**What is expected**
Reproduce the data that follows character for character, but omit its pictures.

**Data extract**
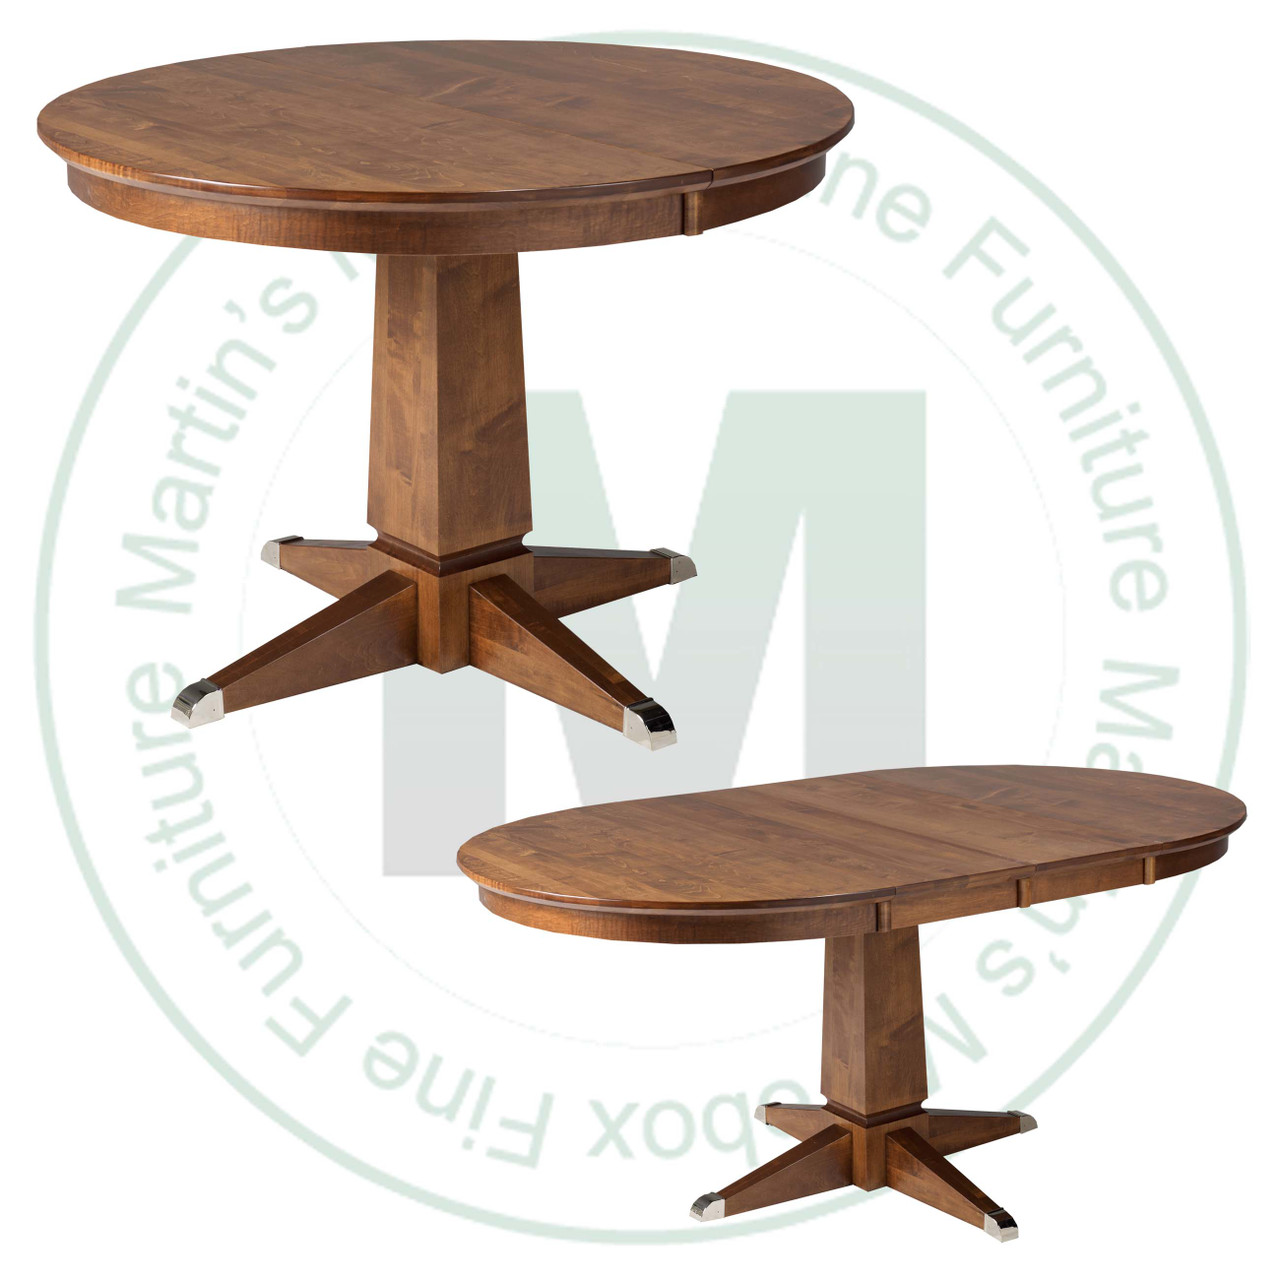 Maple Danish Single Pedestal Table 48''D x 48''W x 30''H With 2 - 12'' Leaves
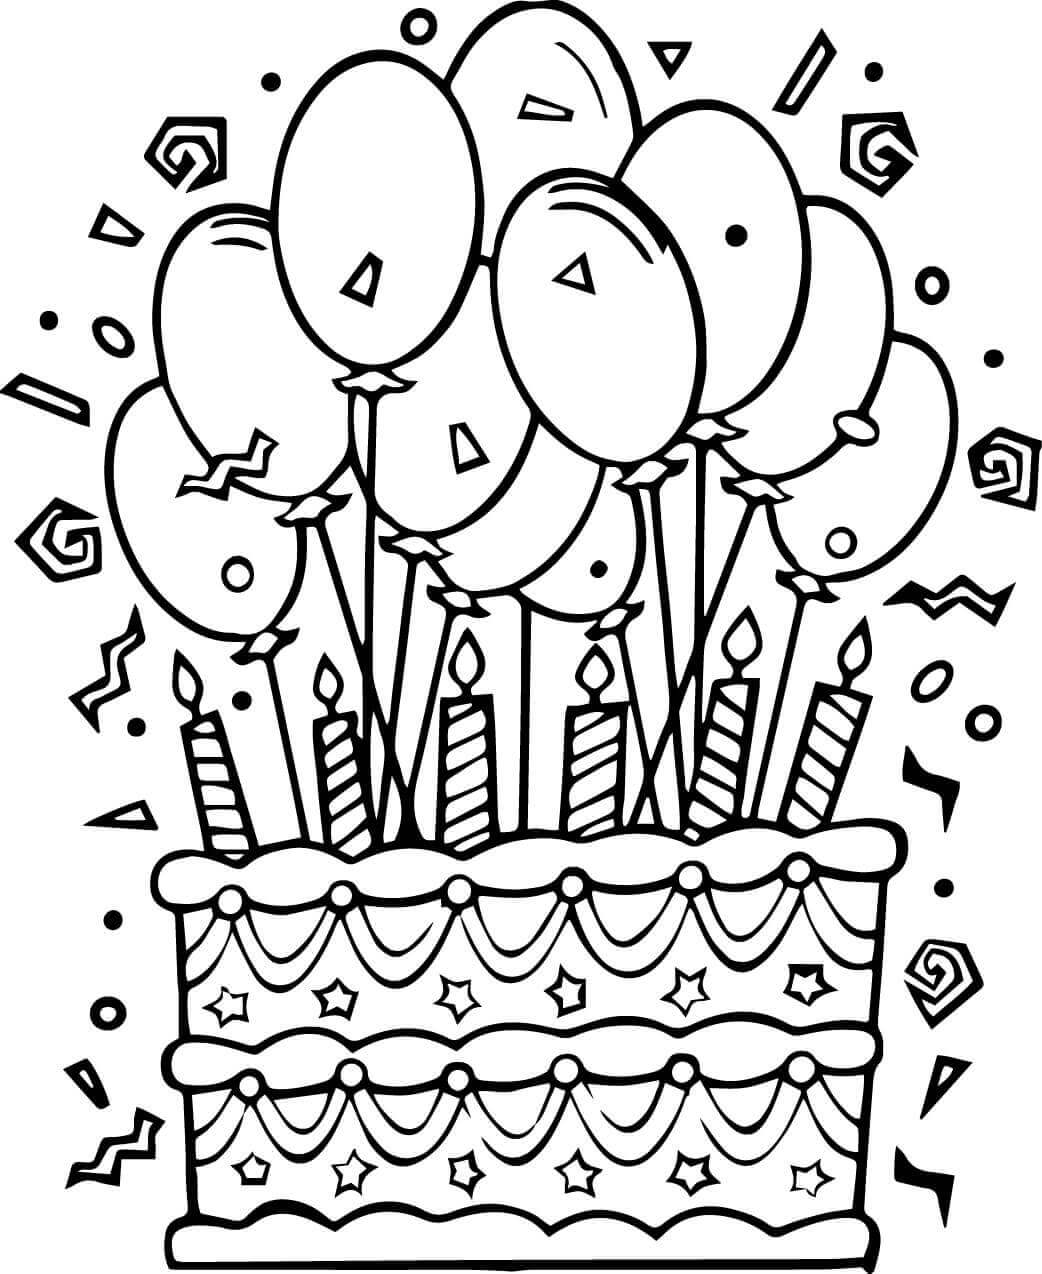 Fun Birthday Cake Coloring Pages
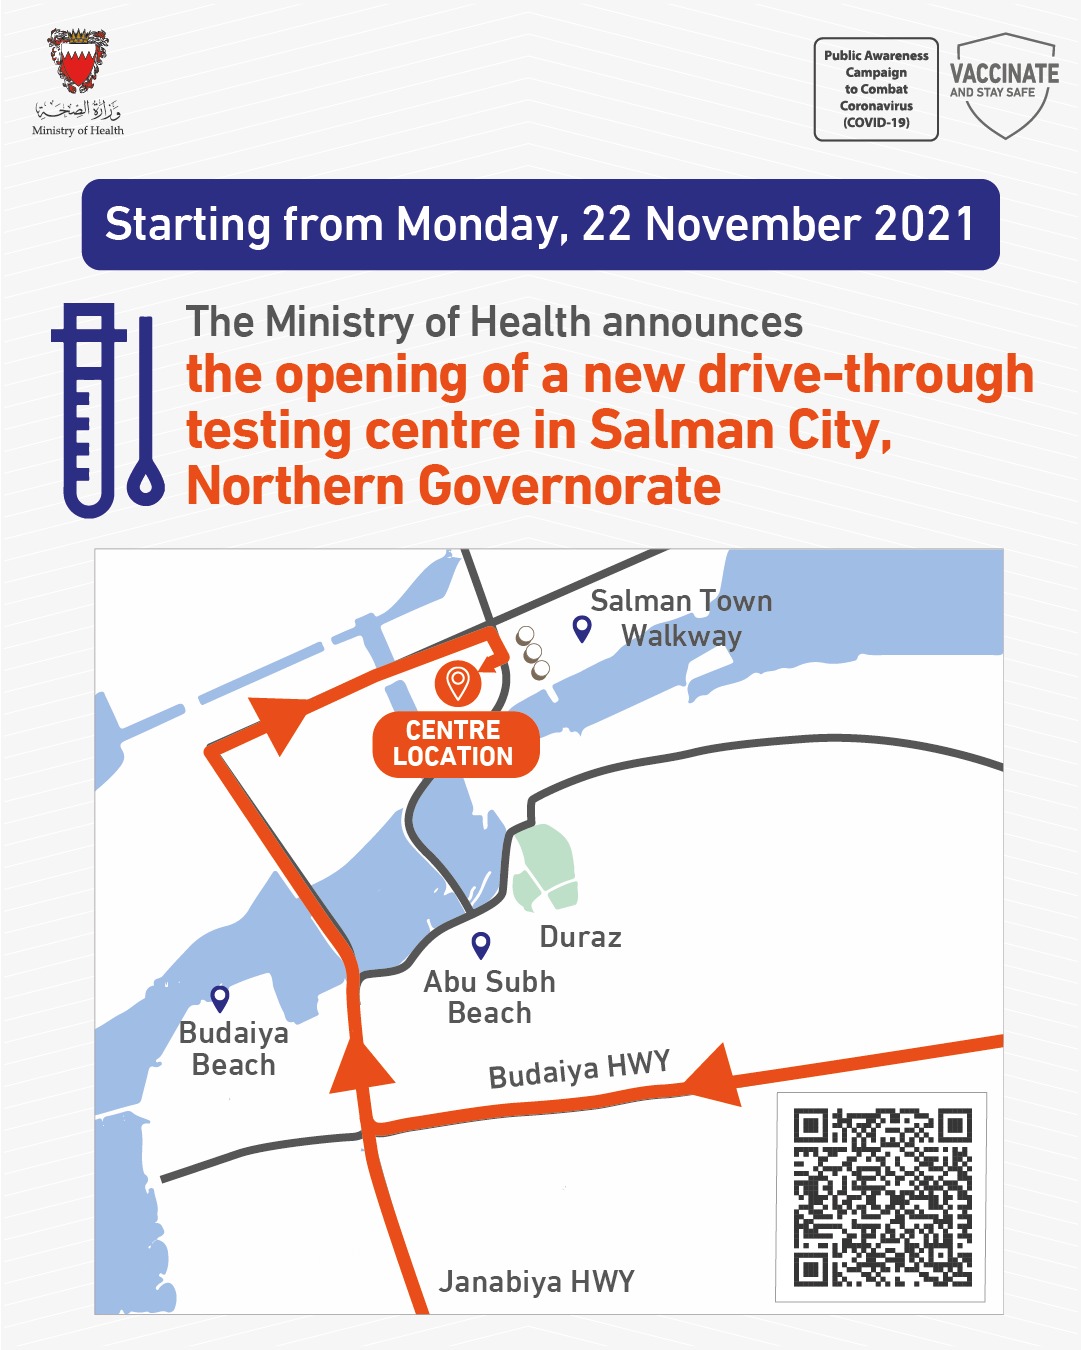 The Ministry of Health opens a new drive-through testing centre in the Northern Governorate: 21 November 2021

**Solution to this exercise**
 Maple Danish Single Pedestal Table 48''D x 48''W x 30''H With 2 - 12'' Leaves
 Fun Birthday Cake Coloring Pages
 The Ministry of Health opens a new drive-through testing centre in the Northern Governorate: 21 November 2021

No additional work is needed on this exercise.